* What the exercise asks
The first line of the entries below, the line containing "Slide 5 - ППМГ", and every line between them should be repeated exactly, and nothing else.

# # #

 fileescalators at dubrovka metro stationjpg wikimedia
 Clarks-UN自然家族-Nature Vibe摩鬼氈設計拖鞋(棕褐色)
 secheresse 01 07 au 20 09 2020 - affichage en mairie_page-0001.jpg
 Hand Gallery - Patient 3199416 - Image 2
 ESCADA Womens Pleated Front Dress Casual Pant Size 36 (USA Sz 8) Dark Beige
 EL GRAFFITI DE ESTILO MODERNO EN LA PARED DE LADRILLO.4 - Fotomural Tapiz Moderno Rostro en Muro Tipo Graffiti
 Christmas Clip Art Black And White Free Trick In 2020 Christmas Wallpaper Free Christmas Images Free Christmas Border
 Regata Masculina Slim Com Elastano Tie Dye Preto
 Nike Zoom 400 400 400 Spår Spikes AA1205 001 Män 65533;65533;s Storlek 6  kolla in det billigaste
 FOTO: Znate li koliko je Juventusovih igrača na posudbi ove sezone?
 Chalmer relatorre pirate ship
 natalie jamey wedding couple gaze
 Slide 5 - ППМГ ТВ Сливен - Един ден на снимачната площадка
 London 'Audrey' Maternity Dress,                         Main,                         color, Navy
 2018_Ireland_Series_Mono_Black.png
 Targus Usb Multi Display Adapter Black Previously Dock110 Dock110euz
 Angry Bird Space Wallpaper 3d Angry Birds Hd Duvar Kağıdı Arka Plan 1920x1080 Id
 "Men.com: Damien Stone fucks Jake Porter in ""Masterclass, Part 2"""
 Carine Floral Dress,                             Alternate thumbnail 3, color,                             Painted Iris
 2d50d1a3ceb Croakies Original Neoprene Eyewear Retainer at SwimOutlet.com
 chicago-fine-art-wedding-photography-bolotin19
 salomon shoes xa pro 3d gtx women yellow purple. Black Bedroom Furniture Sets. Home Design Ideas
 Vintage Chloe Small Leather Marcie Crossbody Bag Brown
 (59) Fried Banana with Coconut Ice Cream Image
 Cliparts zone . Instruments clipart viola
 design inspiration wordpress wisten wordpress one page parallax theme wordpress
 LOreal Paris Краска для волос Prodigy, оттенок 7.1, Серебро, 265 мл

# # #

* Result for this exercise
 fileescalators at dubrovka metro stationjpg wikimedia
 Clarks-UN自然家族-Nature Vibe摩鬼氈設計拖鞋(棕褐色)
 secheresse 01 07 au 20 09 2020 - affichage en mairie_page-0001.jpg
 Hand Gallery - Patient 3199416 - Image 2
 ESCADA Womens Pleated Front Dress Casual Pant Size 36 (USA Sz 8) Dark Beige
 EL GRAFFITI DE ESTILO MODERNO EN LA PARED DE LADRILLO.4 - Fotomural Tapiz Moderno Rostro en Muro Tipo Graffiti
 Christmas Clip Art Black And White Free Trick In 2020 Christmas Wallpaper Free Christmas Images Free Christmas Border
 Regata Masculina Slim Com Elastano Tie Dye Preto
 Nike Zoom 400 400 400 Spår Spikes AA1205 001 Män 65533;65533;s Storlek 6  kolla in det billigaste
 FOTO: Znate li koliko je Juventusovih igrača na posudbi ove sezone?
 Chalmer relatorre pirate ship
 natalie jamey wedding couple gaze
 Slide 5 - ППМГ ТВ Сливен - Един ден на снимачната площадка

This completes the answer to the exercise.